Work required
Each line of the listing must be transcribed exactly, except for the images, which should be excluded.

Raw data
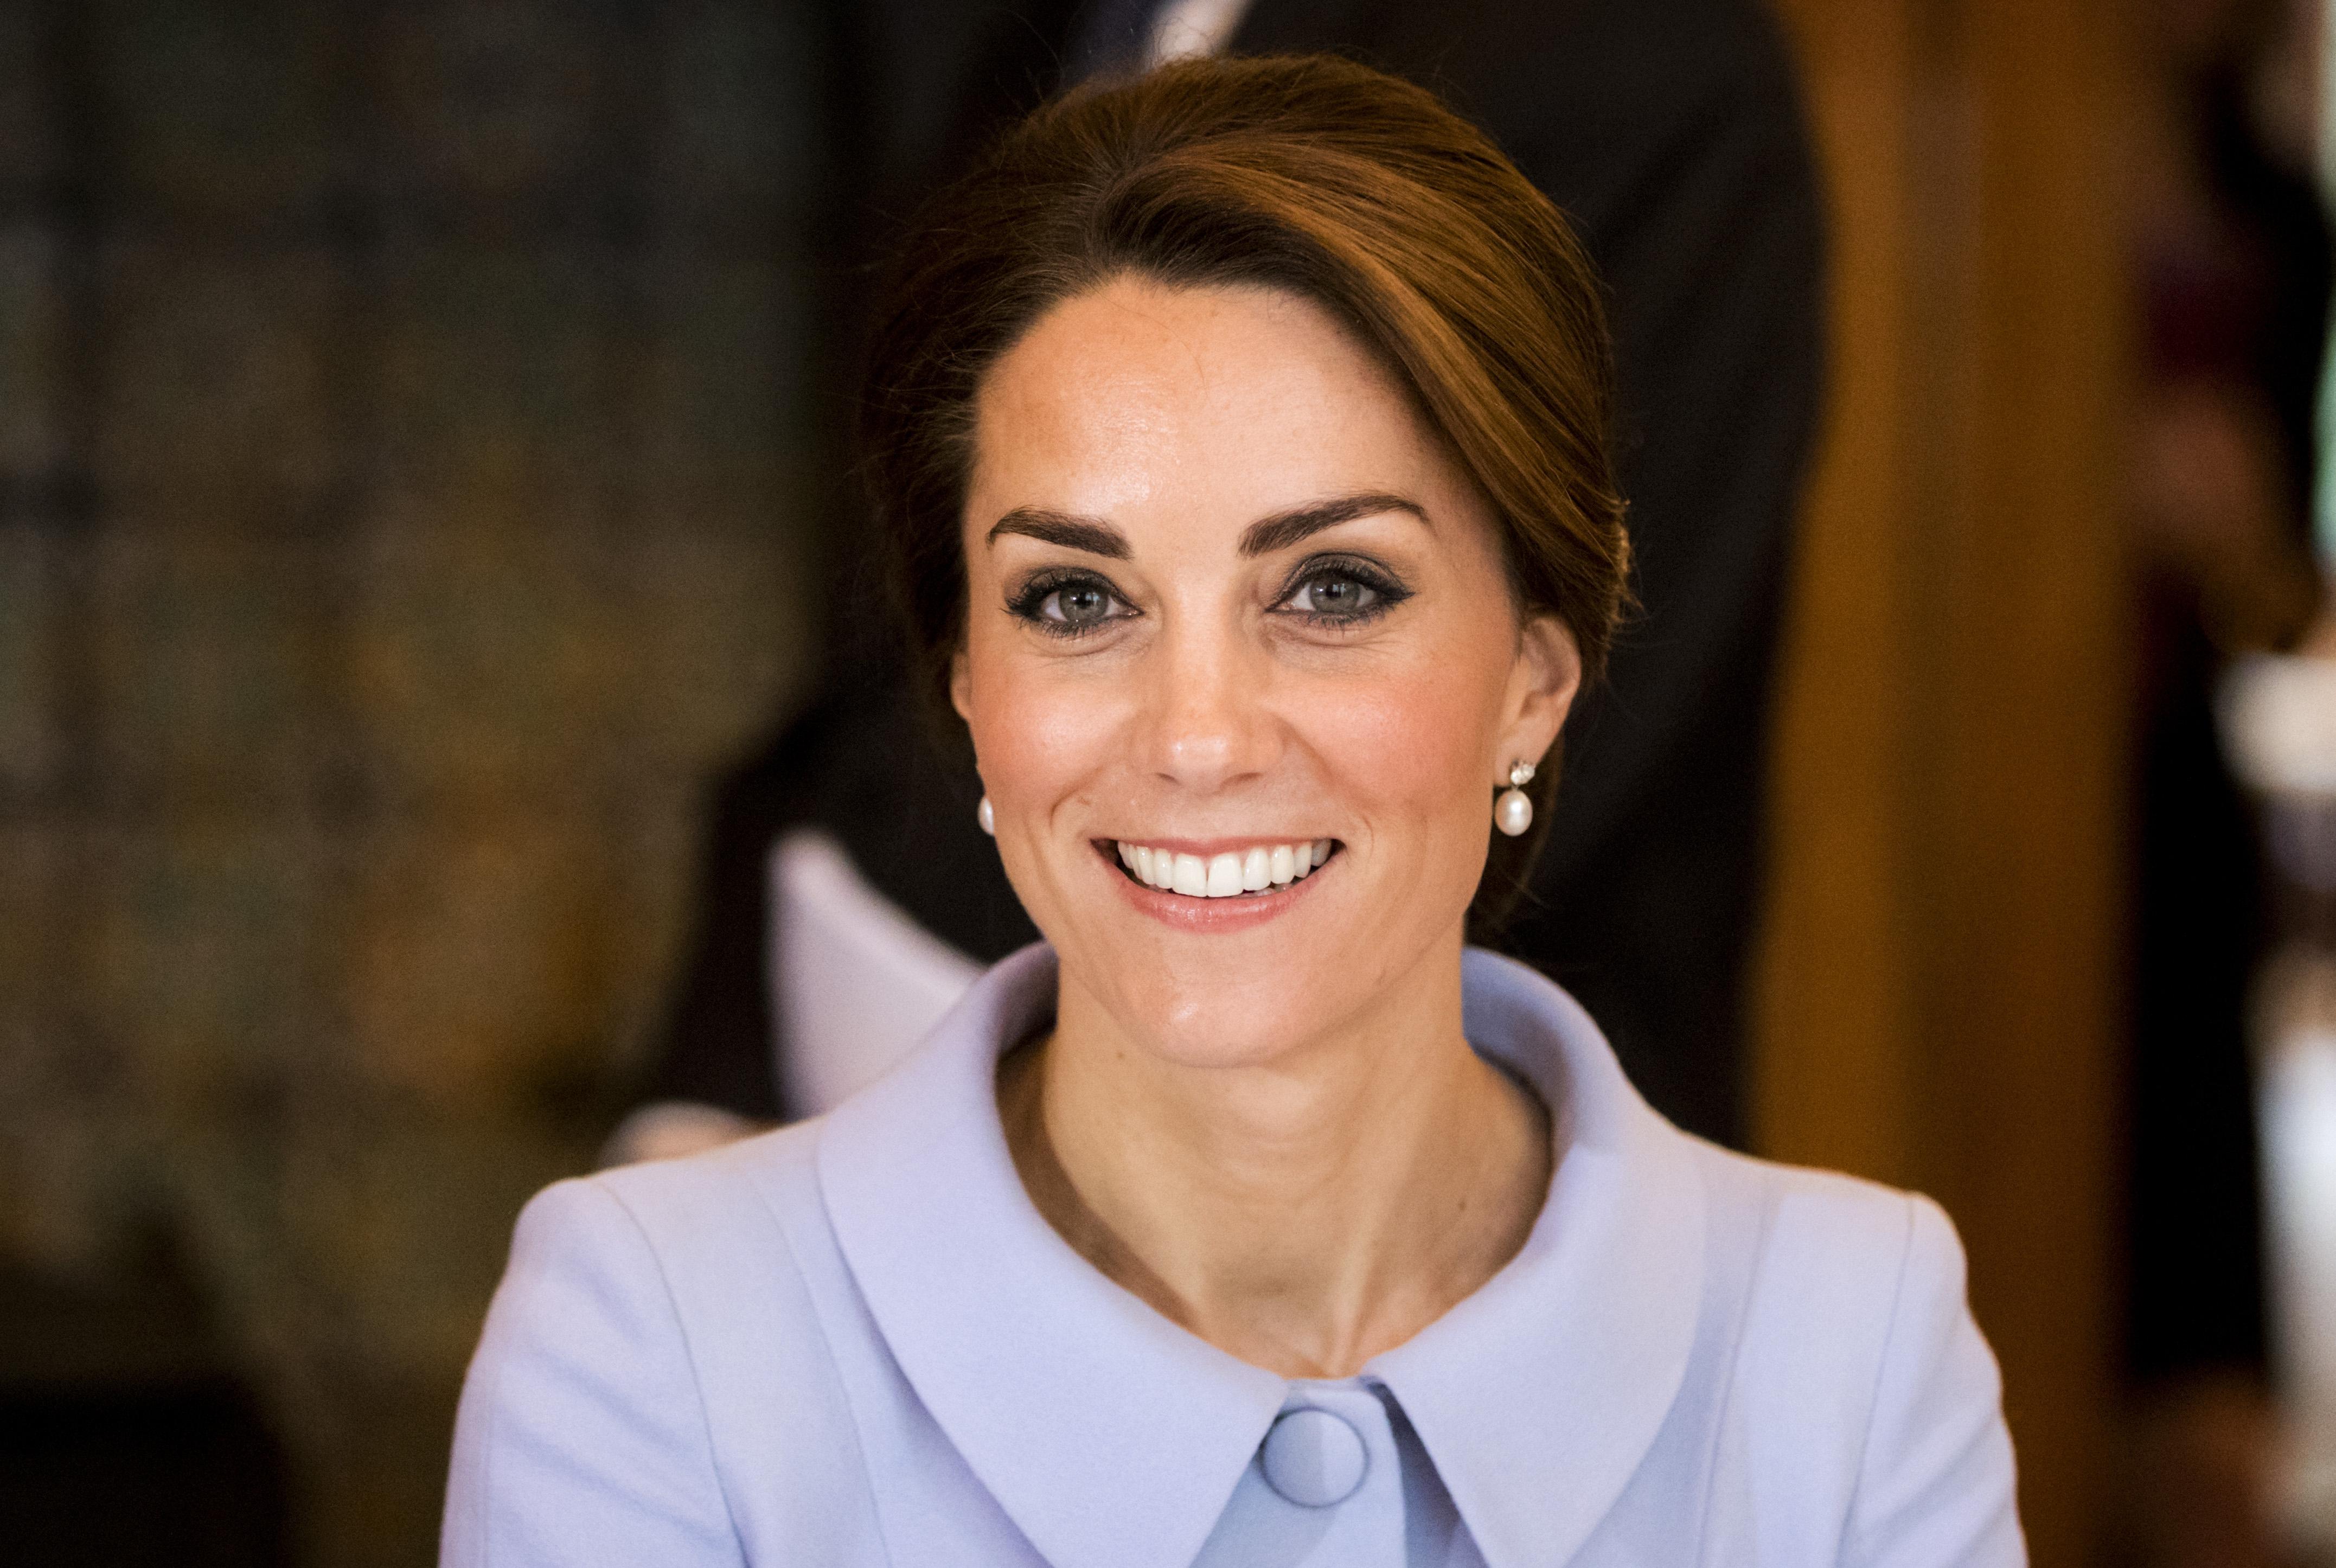 Dit is de verrassende beautyhack achter de stralende huid van Kate Middleton
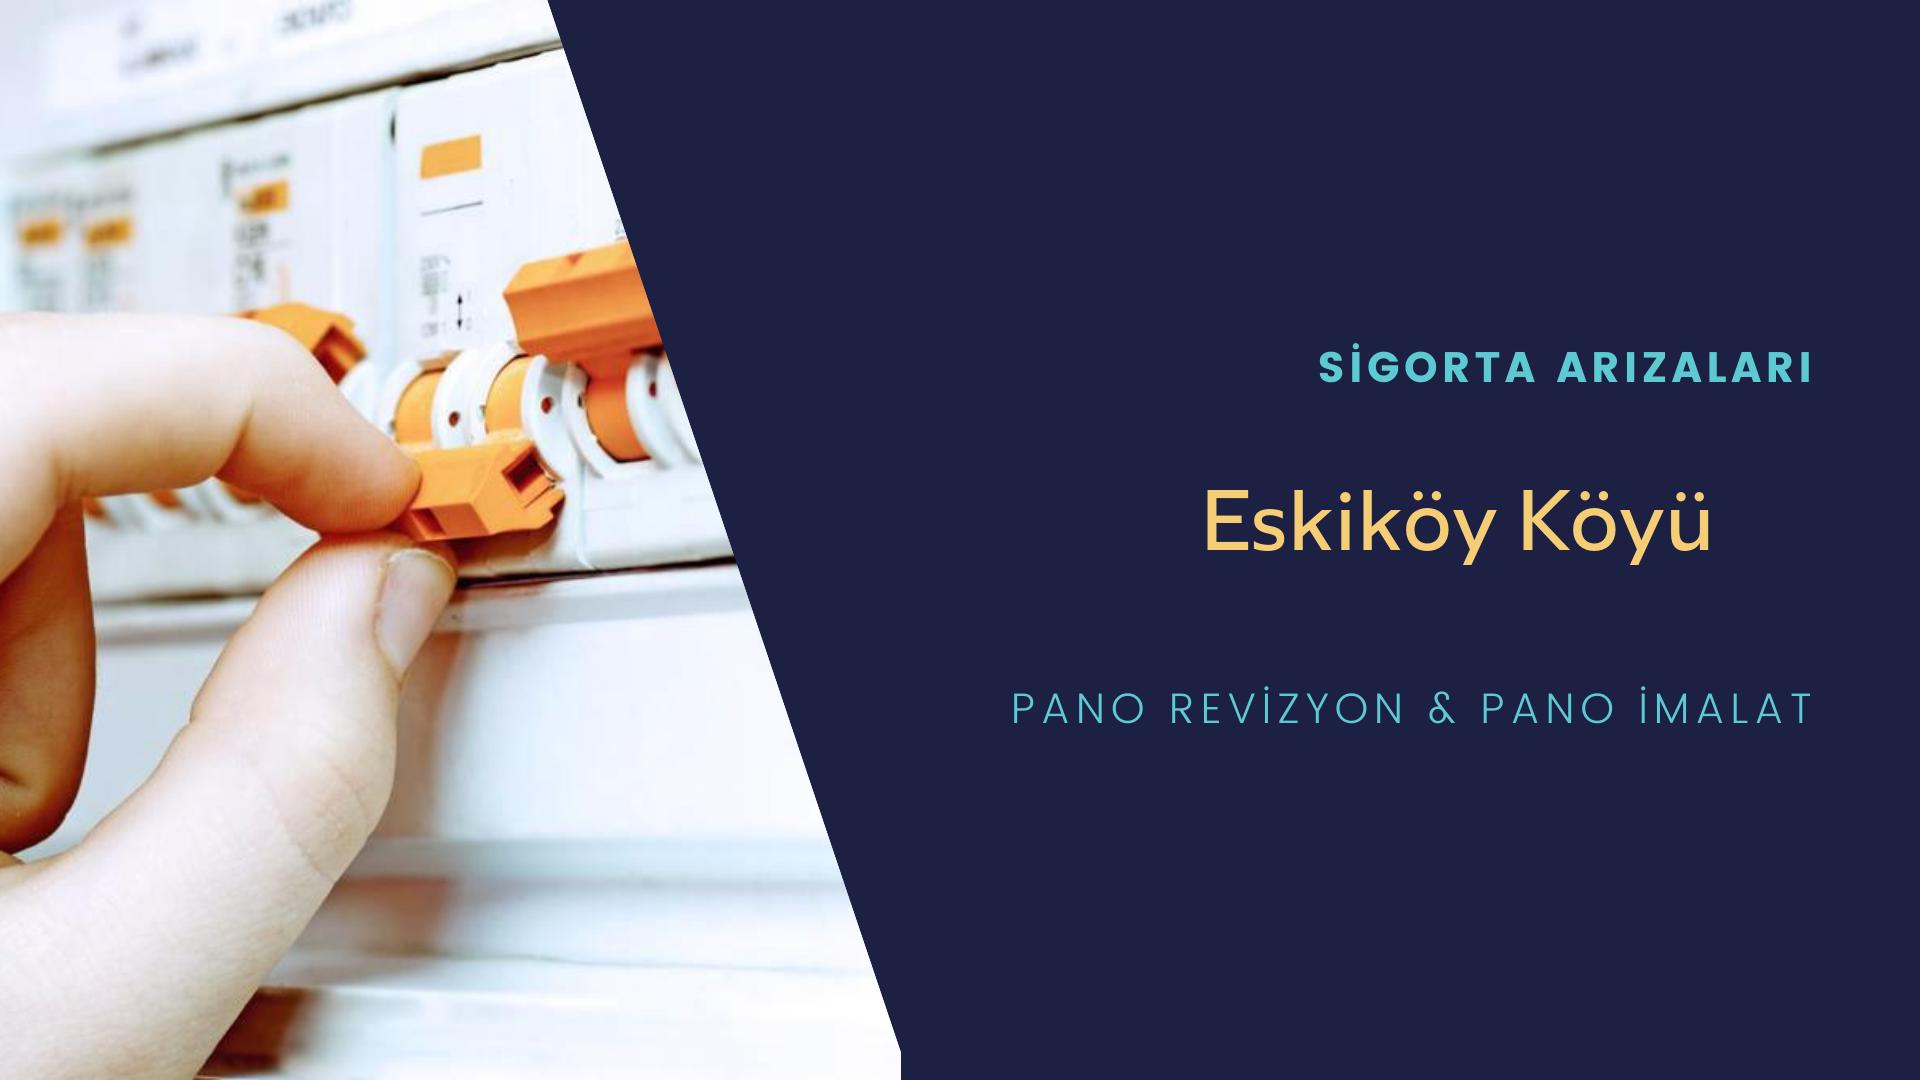 Eskiköy Köyü Sigorta Arızaları İçin Profesyonel Elektrikçi ustalarımızı dilediğiniz zaman arayabilir talepte bulunabilirsiniz.
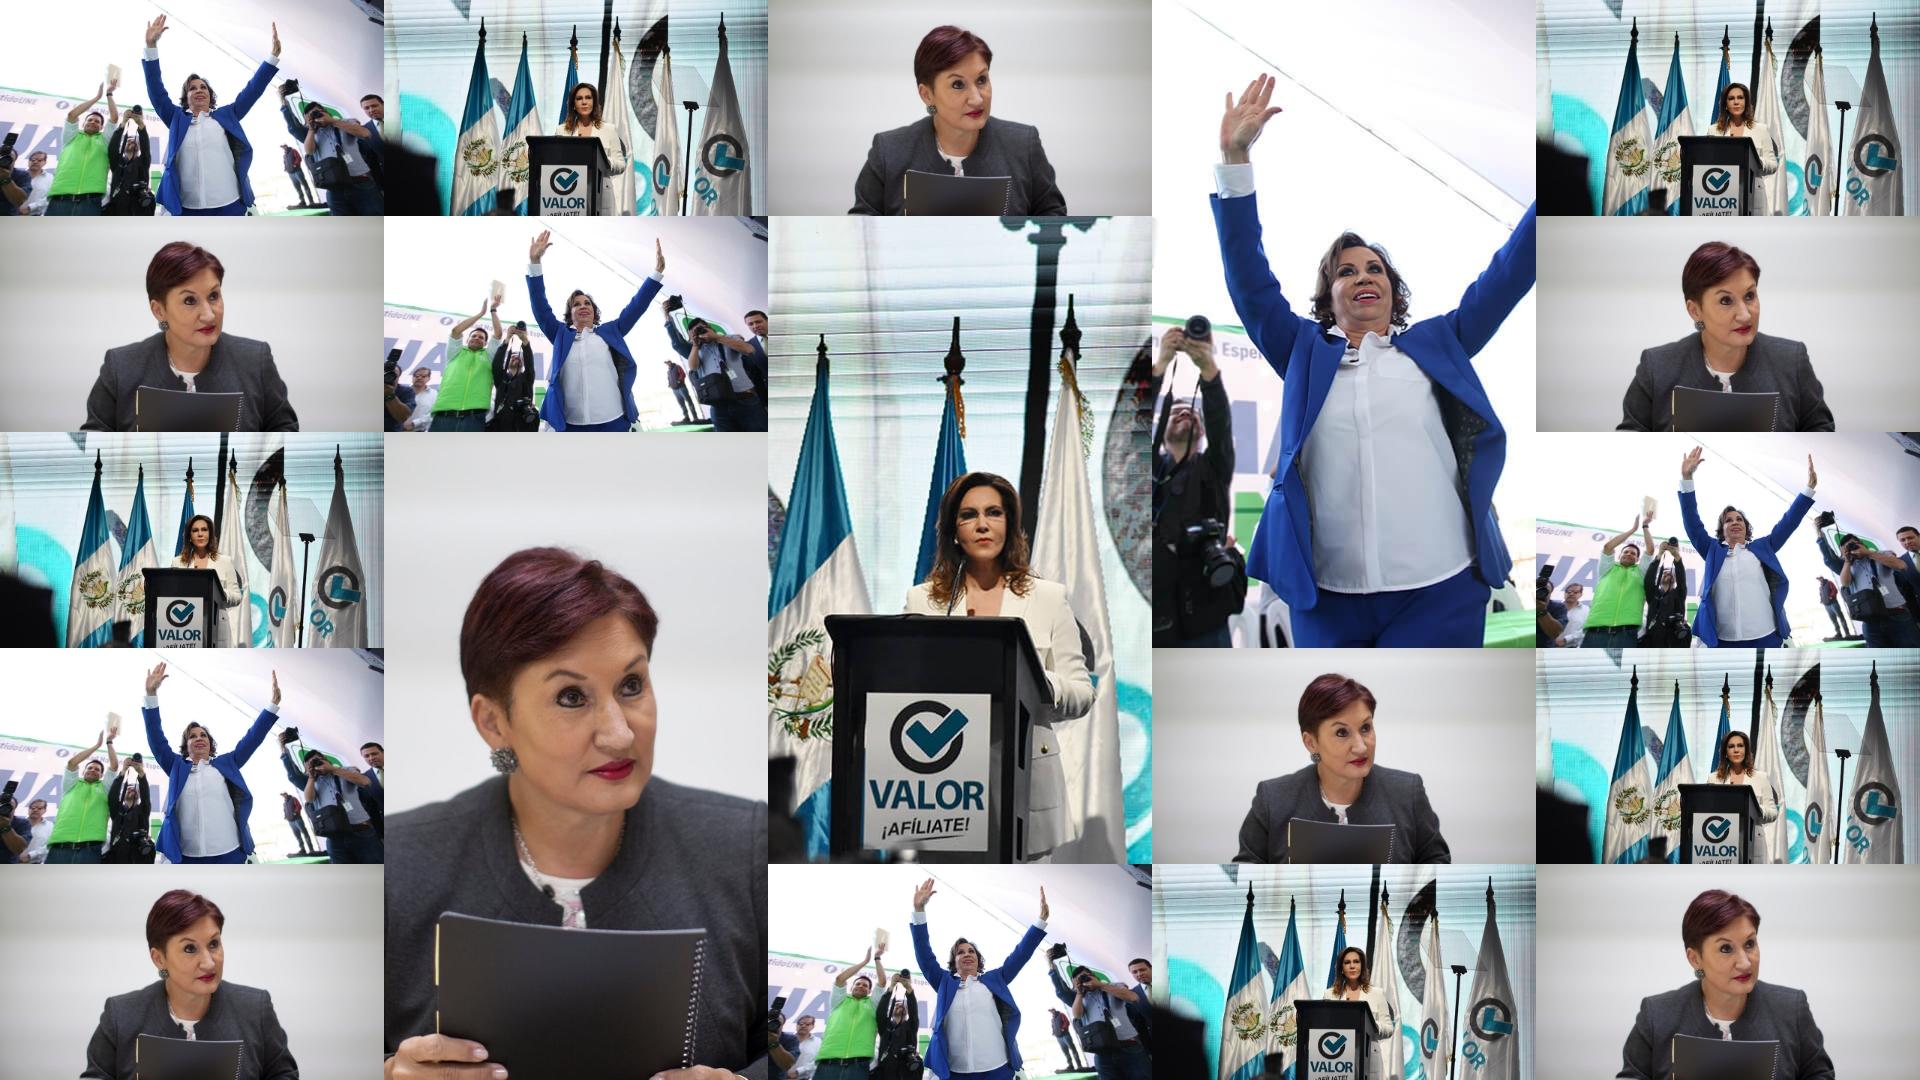 Una mujer quiere ser presidenta en Guatemala

Exercise result
 Dit is de verrassende beautyhack achter de stralende huid van Kate Middleton
 Eskiköy Köyü Sigorta Arızaları İçin Profesyonel Elektrikçi ustalarımızı dilediğiniz zaman arayabilir talepte bulunabilirsiniz.
 Una mujer quiere ser presidenta en Guatemala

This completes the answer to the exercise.